Installing software on Windows usually requires and installer that often needs administrative privileges, and scatters files all over the place. Uninstalling often requires yet another program to remove all the program parts and for every program you have to trust the developers and packagers to properly design the installer and uninstaller. One thing I really like about OS X is the self contained programs. Drag it somewhere on your hard drive and you are done. Drag it to the trash and it is gone. Simple and easy by comparison to Windows. Also, have you ever tried migrating an application from one Windows box to another? Good luck, you basically need to image the entire partition or install it from scratch. Compare that to dragging the program from a shared folder to the computer you want it to be installed on. Heck I once saw a guy in CompUSA plug in his iPod to a demo OS X machine and drag MS Word onto it to take home. Try that with a Windows machine.
I find it amusing that someone would prefer an OS based on several features where Windows is way behind.
If I waste 4 hours of my time fiddling with files that won't convert, I've more than paid for the Office license.
You've had a lot better time with .doc than I have. I have dozens of old files that will not open in new versions of Word, and dozens more that open improperly in the current version of Word. I also work with a lot of people that don't have Word (engineers running Linux, or a BSD, or who just did not bother to pay to license a word processor since their are good, free ones available. You making the mistake of believing .doc is a format, when it is really a whole series of formats that are partially compatible with one another.
When another format can provide the same ease of exchange, edit, return edit, return, etc then it will become the de-facto standard.
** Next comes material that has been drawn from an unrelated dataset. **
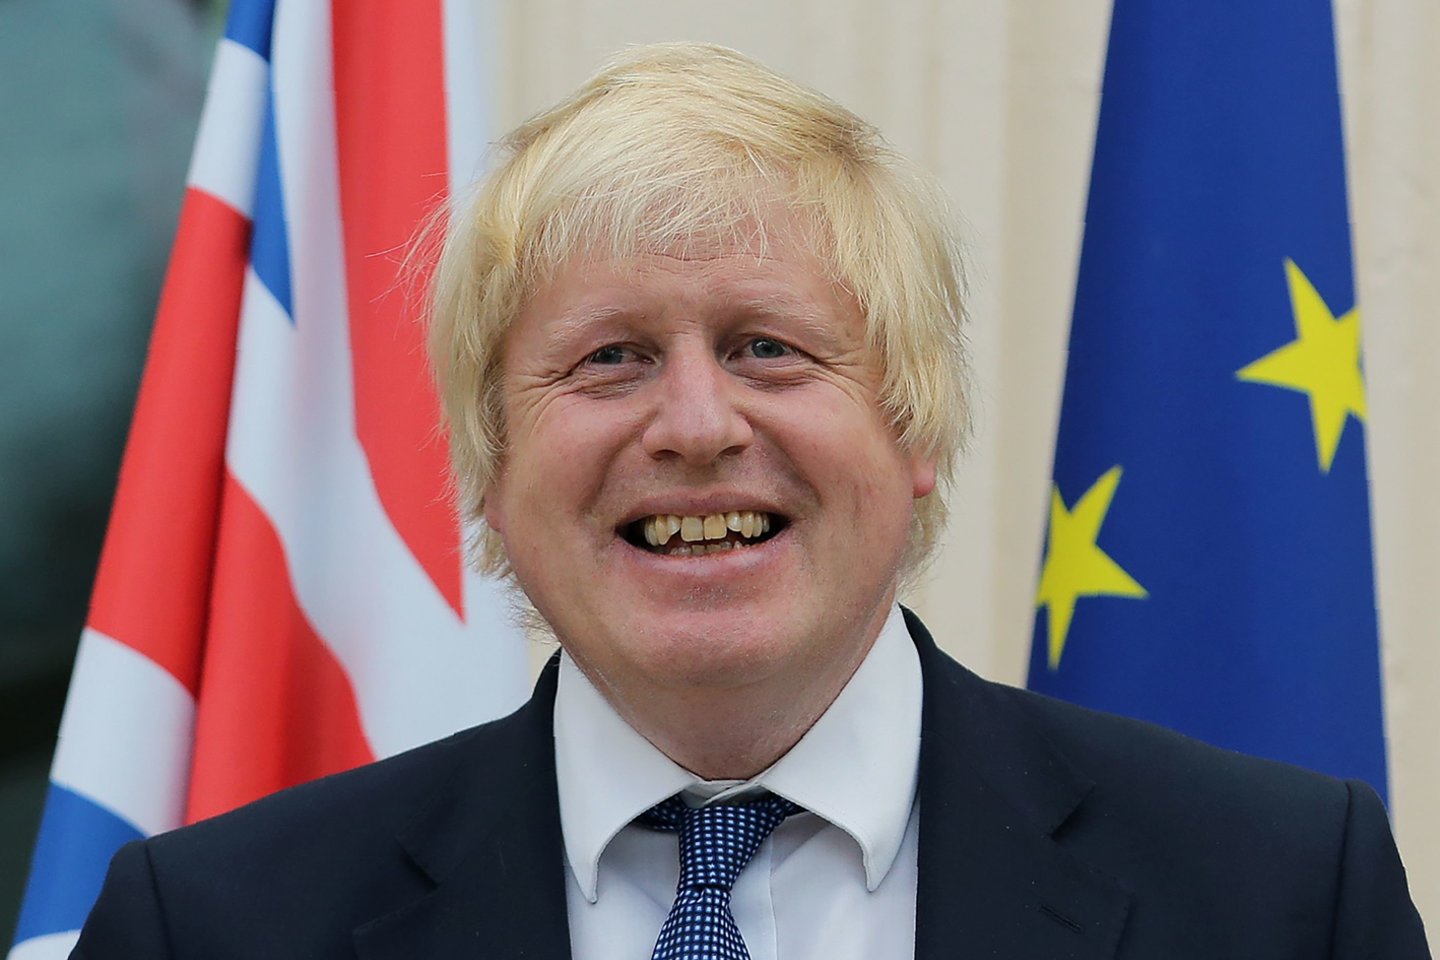  B.Johnsonas visuomet buvo ryški Britanijos politikos žvaigždė.<br> Reuters/Scanpix nuotr.

This can happen several ways.
You missed a couple of possibilities, like a widespread, destructive internet worm corrupts the vast majority of .doc files on the internet and people switch to avoid the same thing from happening in the future. Or, much more likely, the EU and China mandate the Open Doc format for all public organizations, businesses are forced to buy a word processor that will use that format (OpenOffice will do both .doc and OpenDoc and is free). At this point smart businesses migrate away from Word and MS will either be forced to provide the requested functionality or lose a lot of market share. Without being able to lock customers in using its file format MS will have to (gasp) compete based upon features and might actually fix some of the long-standing bugs in Word.
In the bast case, it will cost business billions to convert not in $ to M$ but in upgrades, training, lost productivity, etc.
Which will be more than paid for the next purchase cycle for PC's since a critical application will now be subject to competitive bids, with multiple free options available.